→ **Work required**:
Pictures in the records below must be left out. Return exactly the lines from the line with "Personalized White Cash" to the line with "Graduate Theological Union", both included.

→ **Dataset excerpts**:
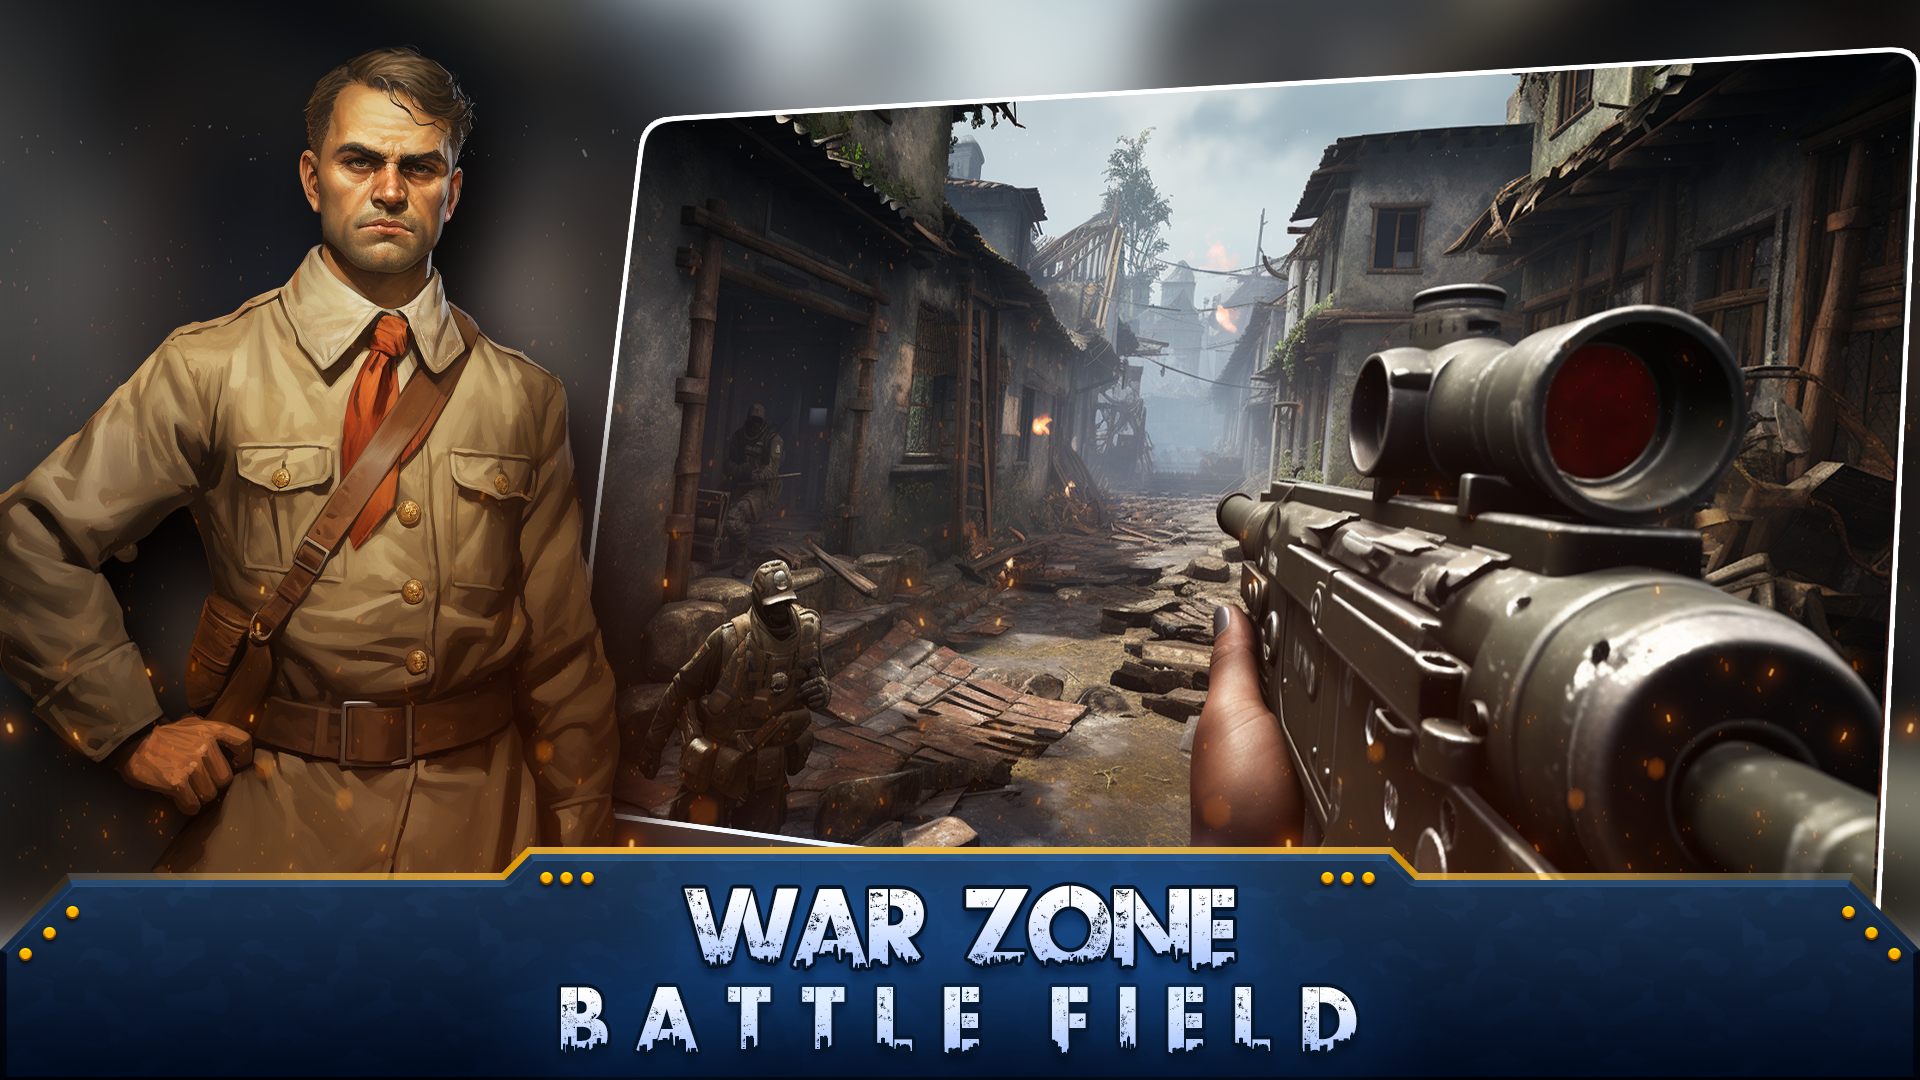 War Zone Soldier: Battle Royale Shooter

...

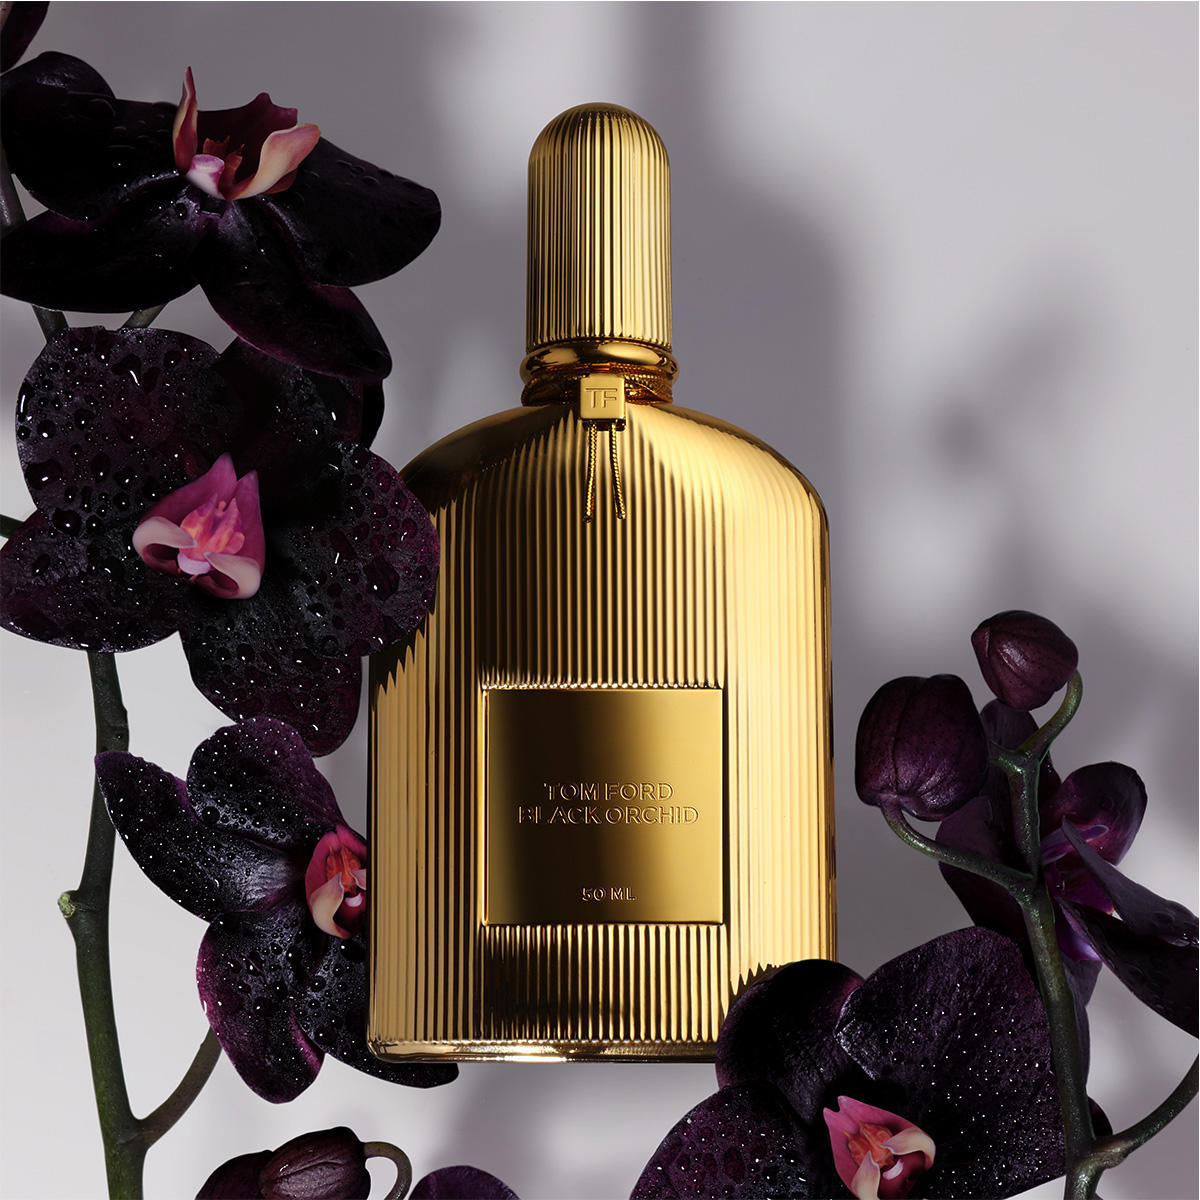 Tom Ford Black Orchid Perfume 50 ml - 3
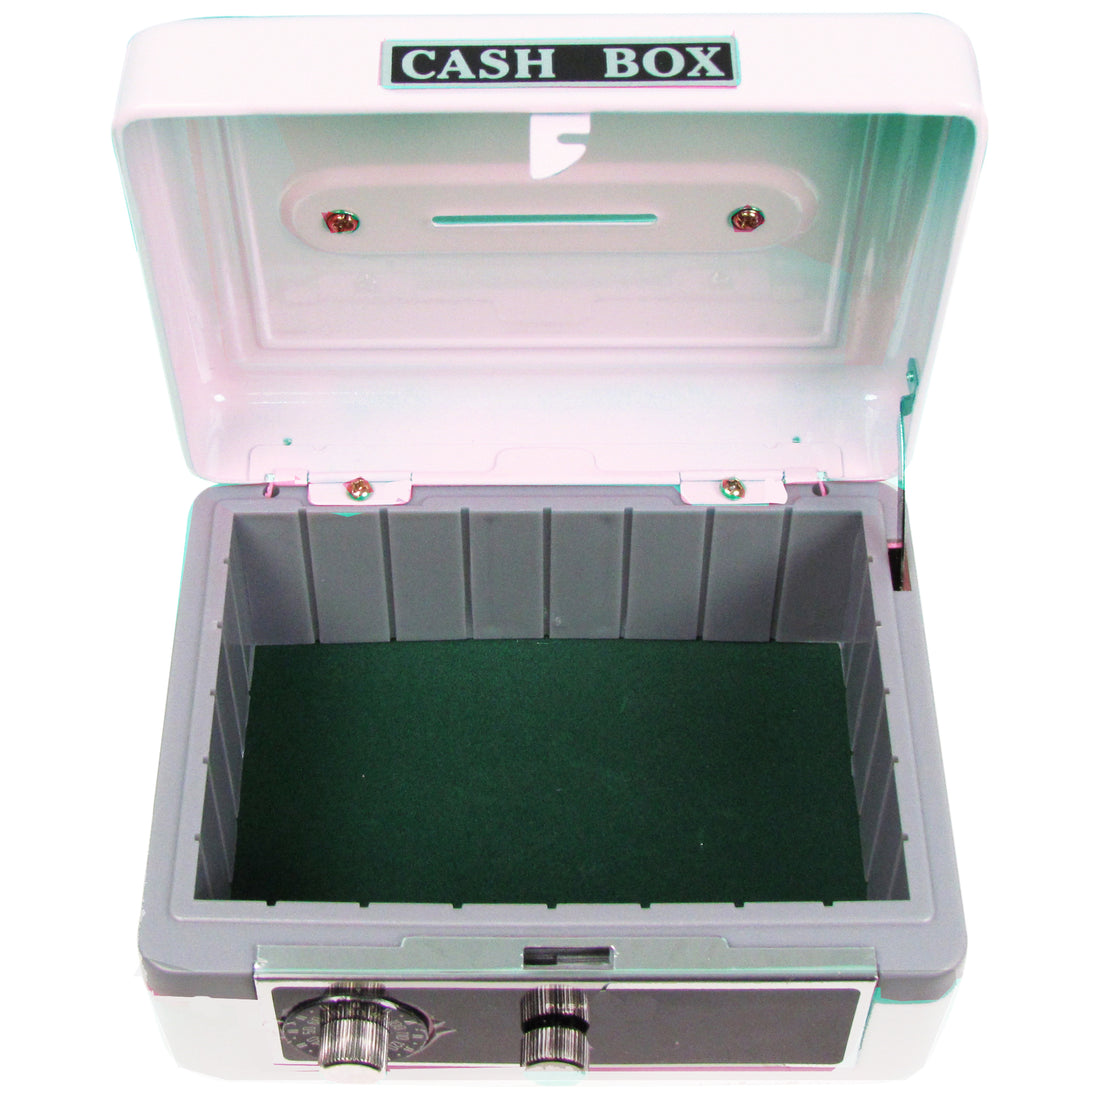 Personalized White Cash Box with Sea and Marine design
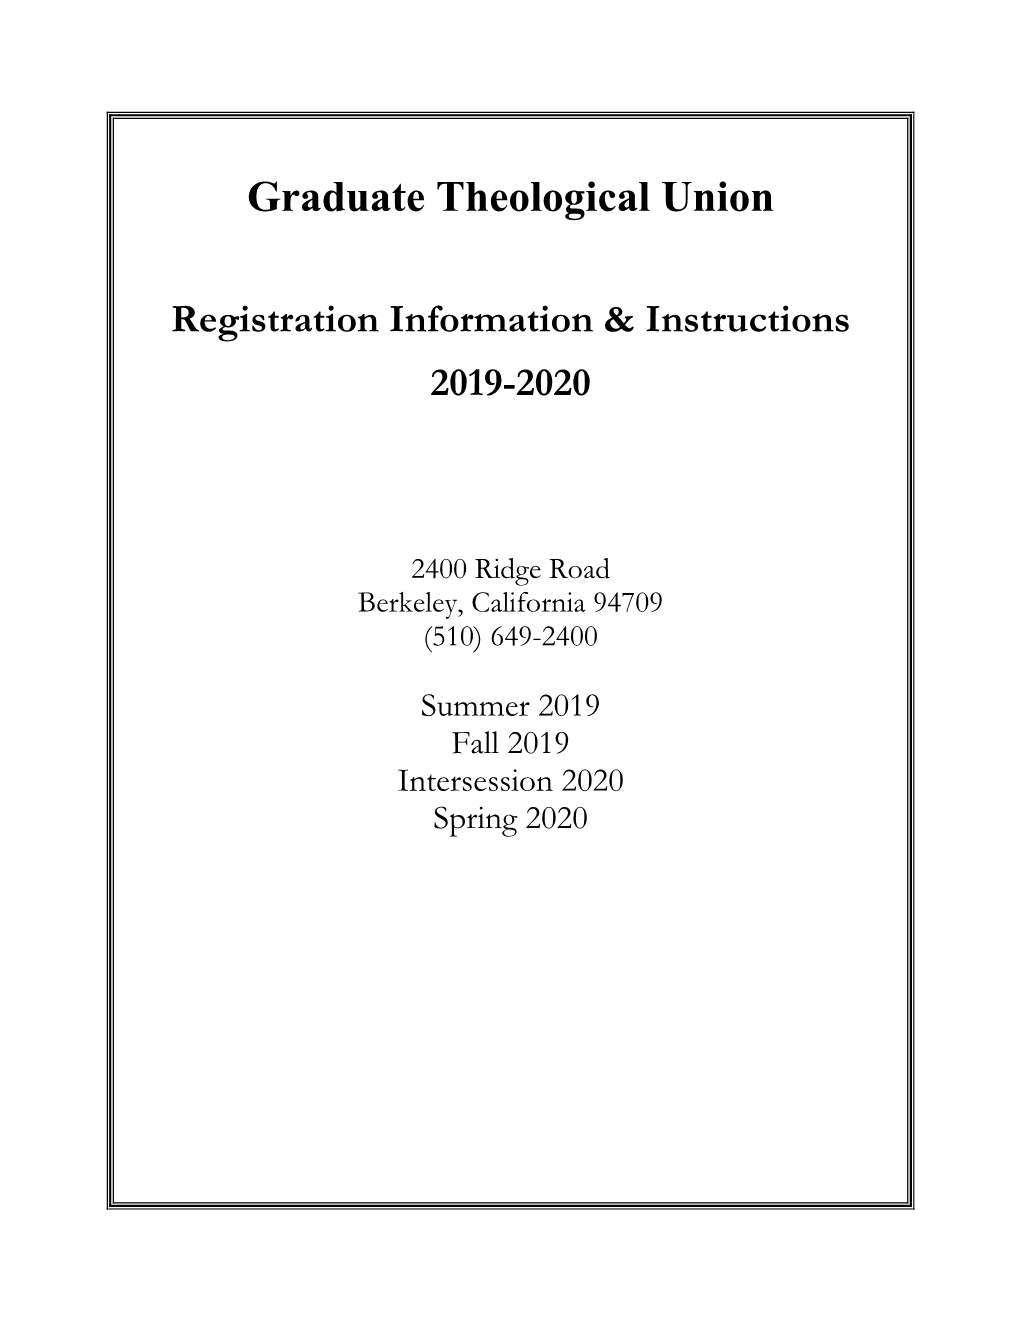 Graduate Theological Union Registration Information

→ **Result below**:
 Personalized White Cash Box with Sea and Marine design
 Graduate Theological Union Registration Information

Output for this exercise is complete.